About this exercise:
Would you print the data below exactly, leaving out every picture?

Given data:
= = =
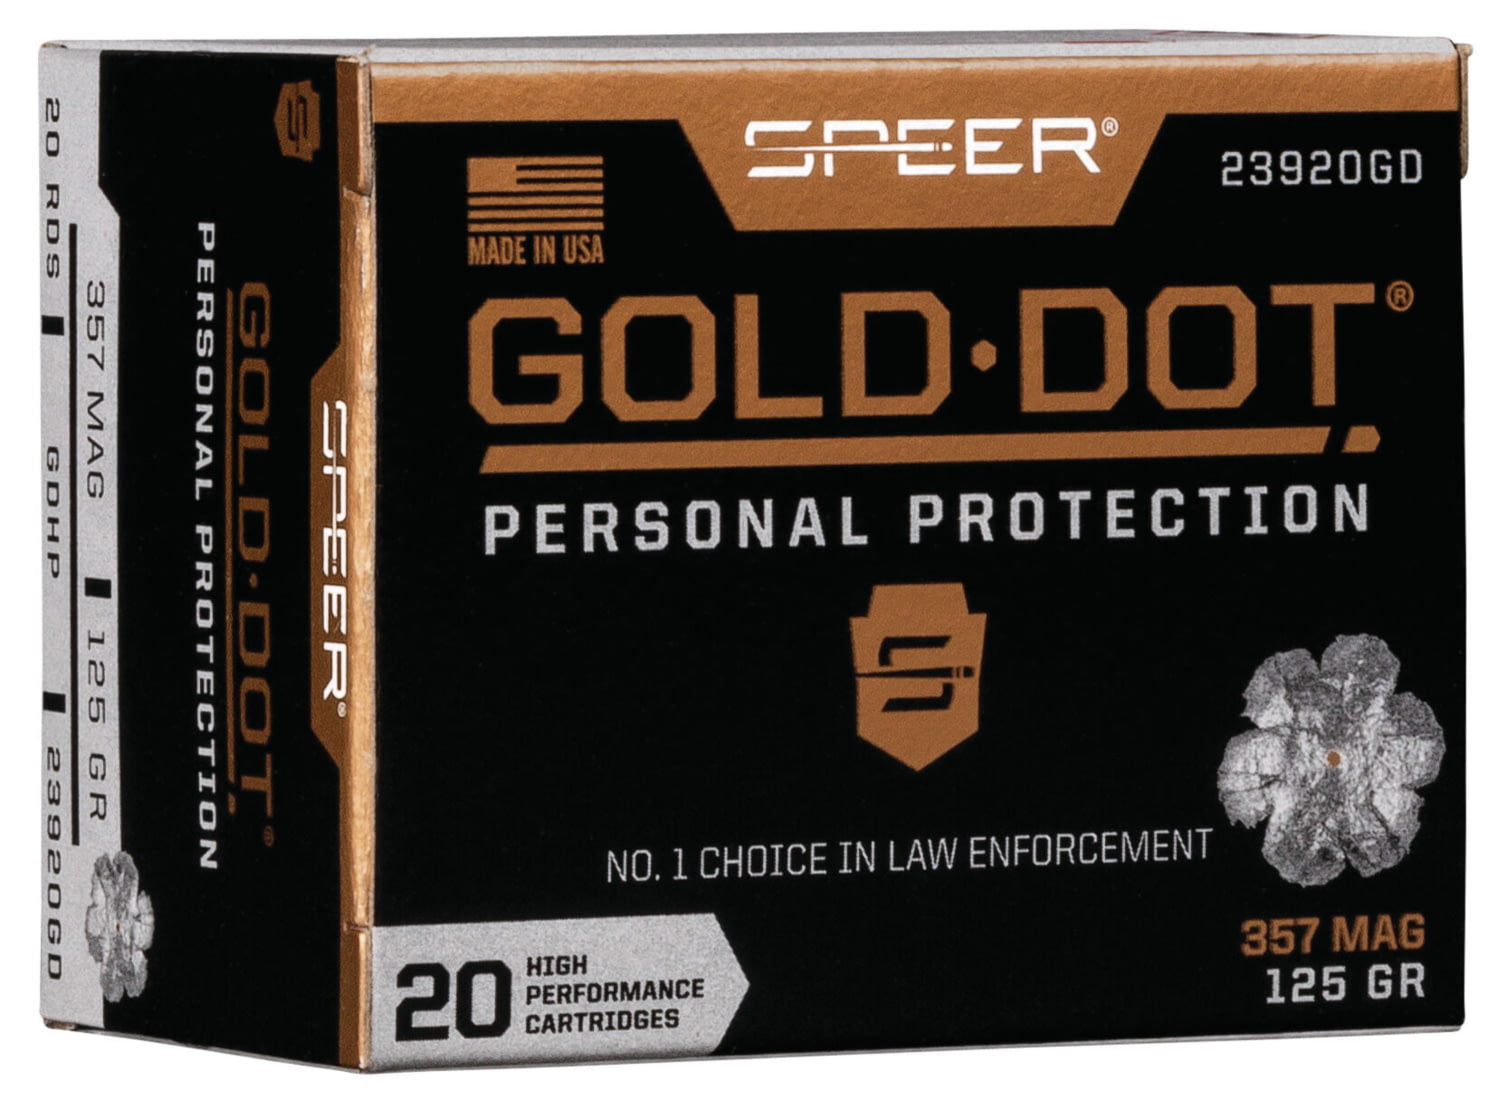 Speer Gold Dot .357 Magnum 125 grain Gold Dot Hollow Point Centerfire Pistol Ammunition
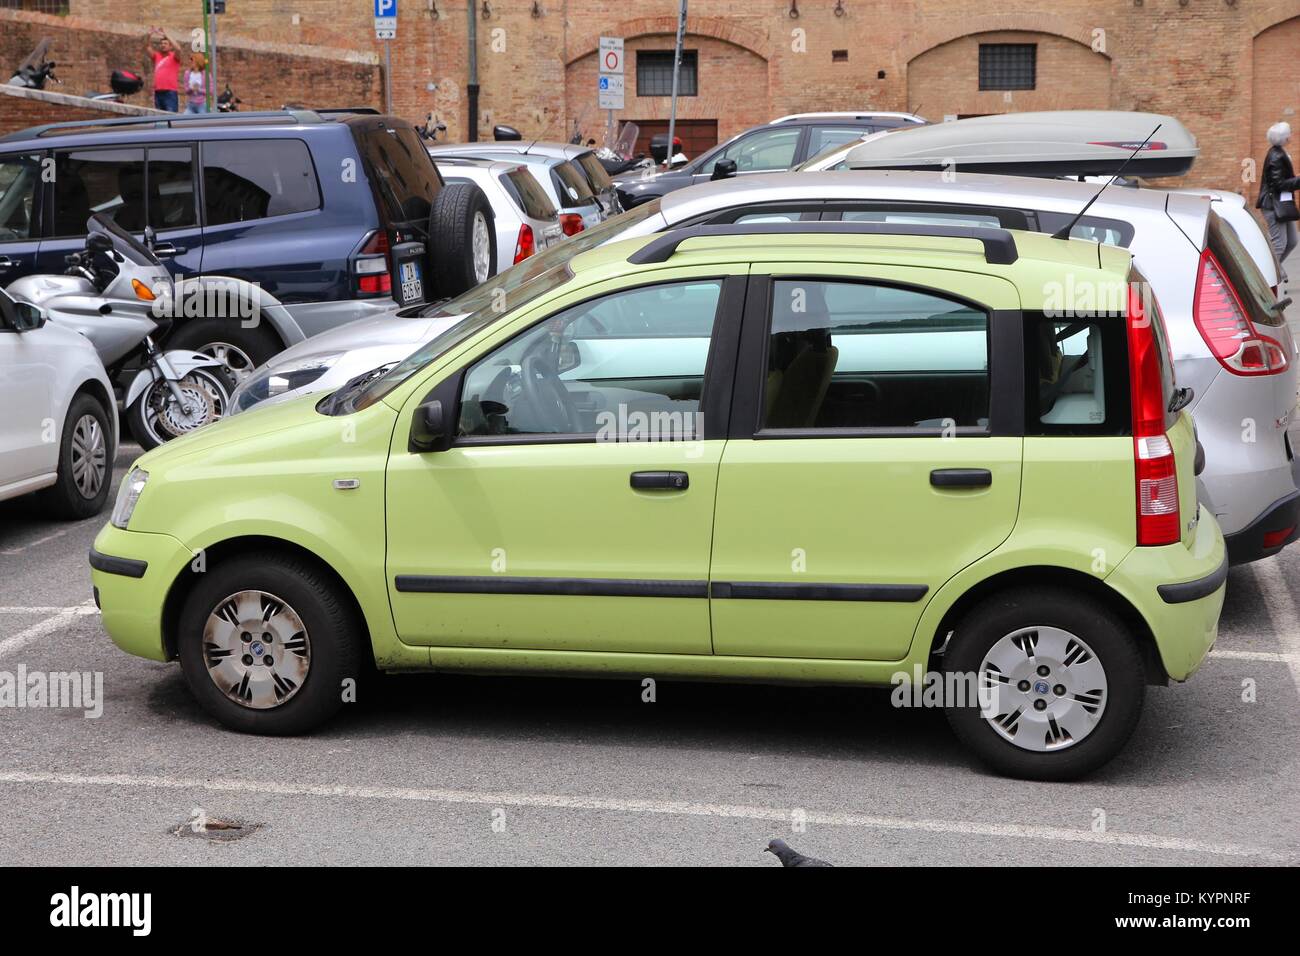 SIENA, Italia - 3 Maggio 2015: Fiat Panda auto parcheggiate in Siena, Italia. La seconda generazione di Panda è stata prodotta nel 2003-2012. Più di 2,1 milioni di unità wer Foto Stock
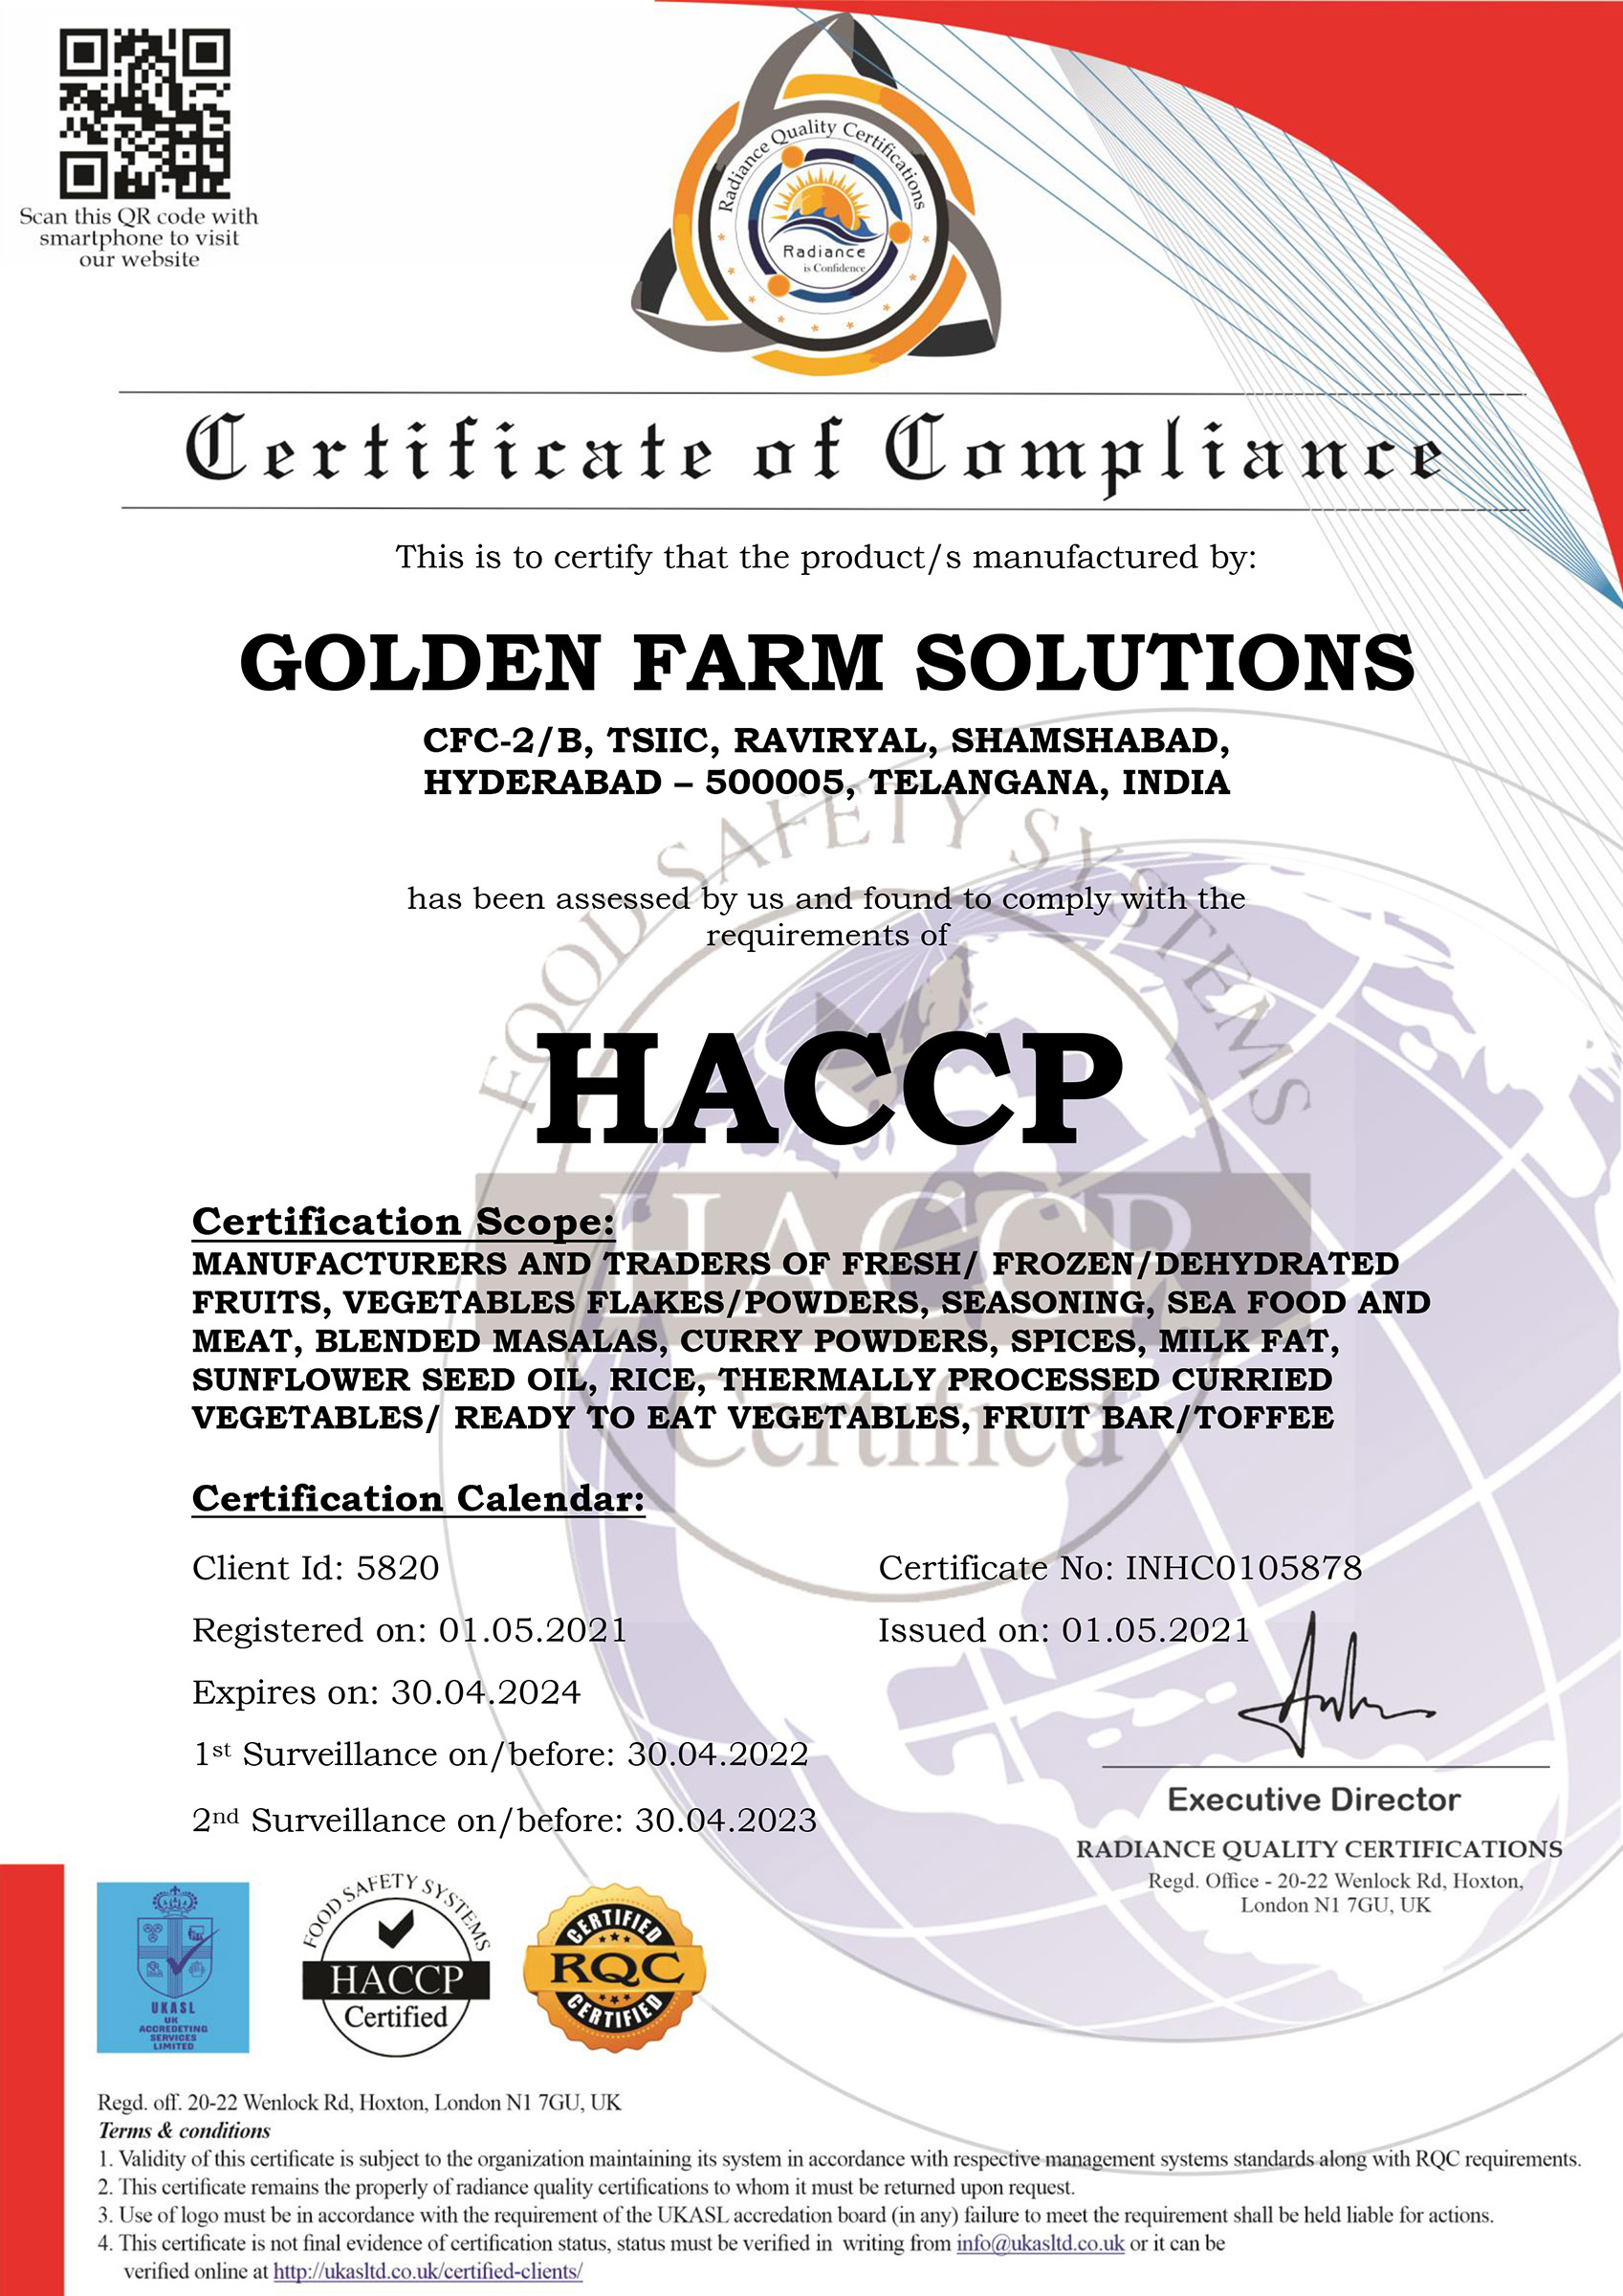 GFS - HACCP
= = =
Answer area:
 Speer Gold Dot .357 Magnum 125 grain Gold Dot Hollow Point Centerfire Pistol Ammunition
 SIENA, Italia - 3 Maggio 2015: Fiat Panda auto parcheggiate in Siena, Italia. La seconda generazione di Panda è stata prodotta nel 2003-2012. Più di 2,1 milioni di unità wer Foto Stock
 GFS - HACCP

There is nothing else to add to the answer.